Link: http://benvitalenum3ers.wordpress.com/

On to today's blog entry!

Two Digit Numbers

Let AB represent a two digit number, where A and B each represent a digit 0 through 9 (excluding 00). My original goal was to find a number AB such that AB + BA = n where n contains both digits A and B. I was unsuccessful.

However, I did see something curious:

11 + 11 = 22

12 + 21 = 33

13 + 31 = 44

14 + 41 = 55

15 + 51 = 66

16 + 61 = 77

17 + 71 = 88

18 + 81 = 99

19 + 91 = 110

10 + 01 = 10 + 1 = 11

All the sums for this group are multiples of 11.

If I go on...

21 + 12 = 33

22 + 22 = 44

23 + 32 = 55

24 + 42 = 66

25 + 52 = 77

....

Once again, multiples of 11. Can we show that this is true for all sums AB + BA?

Let

*a*represent the digit A. Similarly, let

*b*represent the digit B. Then:

AB = (10a + b) and BA = (10b + a)

Then the sum AB + BA = (10a + b) + (10b + a) = 11a + 11b = 11(a + b)

Three Digit Numbers

Let's consider the number ABC. Rotate ABC one digit and add. Repeat. We get the sum ABC + BCA + CAB = n.

Let

*a*,

*b*, and

*c*represent the digits A, B, and C, respectively. Then ABC = 100a + 10b + c. We can construct two similar sums for BCA and CAB.

Then

ABC + BCA + CAB

= (100a + 10b + c) + (100b + 10c + a) + (100c + 10a + b)

= 111a + 111b + 111c

= 111(a + b + c)

The sum is ends up a multiple of 111, but not necessarily of 11. (111 is not a multiple of 11). Examples?

Example 1:

425 + 254 + 542 = 1221

1221/111 = 11

1221/11 = 111

Example 2:

963 + 639 + 396 = 1998

1998/111 = 18

1998/11 = 181 6/11

1998 is not a multiple of 11

Can we find such triples ABC, BCA, and CAB such that the sum is divisible by both 11 and 111? Hint: the least common multiple of 11 and 111 is 1,221. I have found 31 such triplets (including the trivial 0,0,0).

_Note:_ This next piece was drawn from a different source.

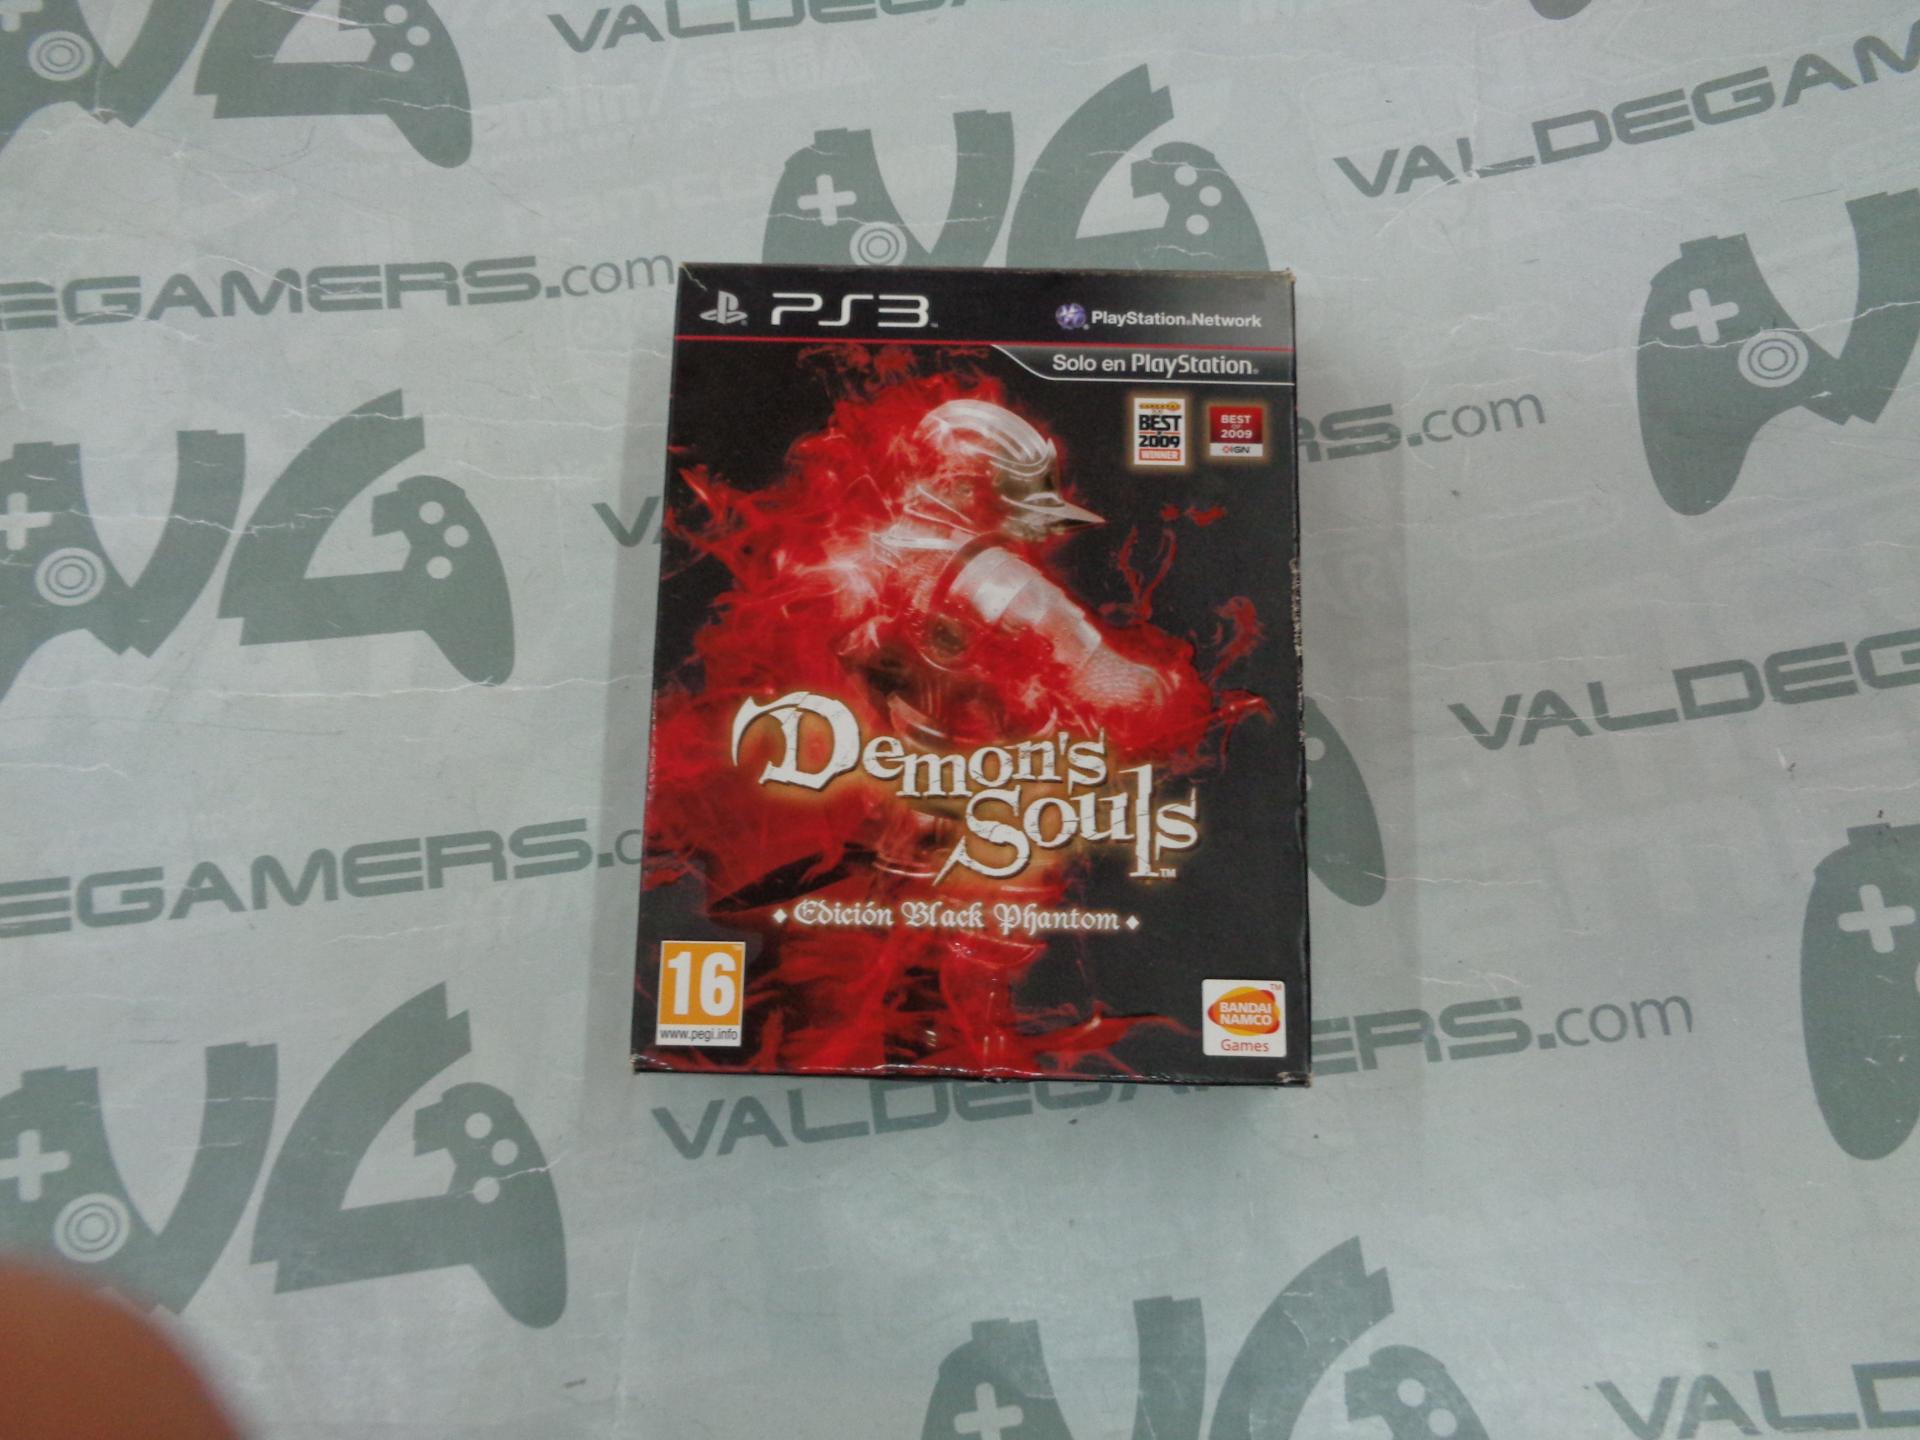 Demon's Souls: Black Phantom Edition, Games

If you want to find the triples, have fun! I'll leave you with a few examples:

29 + 902 + 290 = 1221. (029, 902, 290)

137 + 713 + 371 = 1221. (137, 713, 371)

598 + 859 + 985 = 2442. (598, 859, 985)

254 + 425 + 542 = 1221. (254, 425, 542)

Take care and be safe!

Eddie

This blog is property of Edward Shore. 2012

Notice that when you flip the digits of a number around and take the difference between them you always get a multiple of 9:

ReplyDelete11-11 = 0

21-12 = 9

42-24 = 18

63-36 = 27

84-48 = 36

211-112 = 99

211-121 = 90

321-123 = 198 = 99*2 = 11*2*9

321-213 = 108 = 12*9

321-132 = 189 = 21*9

321-231 = 90

321-312 = 9

7546 - 4567 = 2979 = 331*9. There must be a way to prove this.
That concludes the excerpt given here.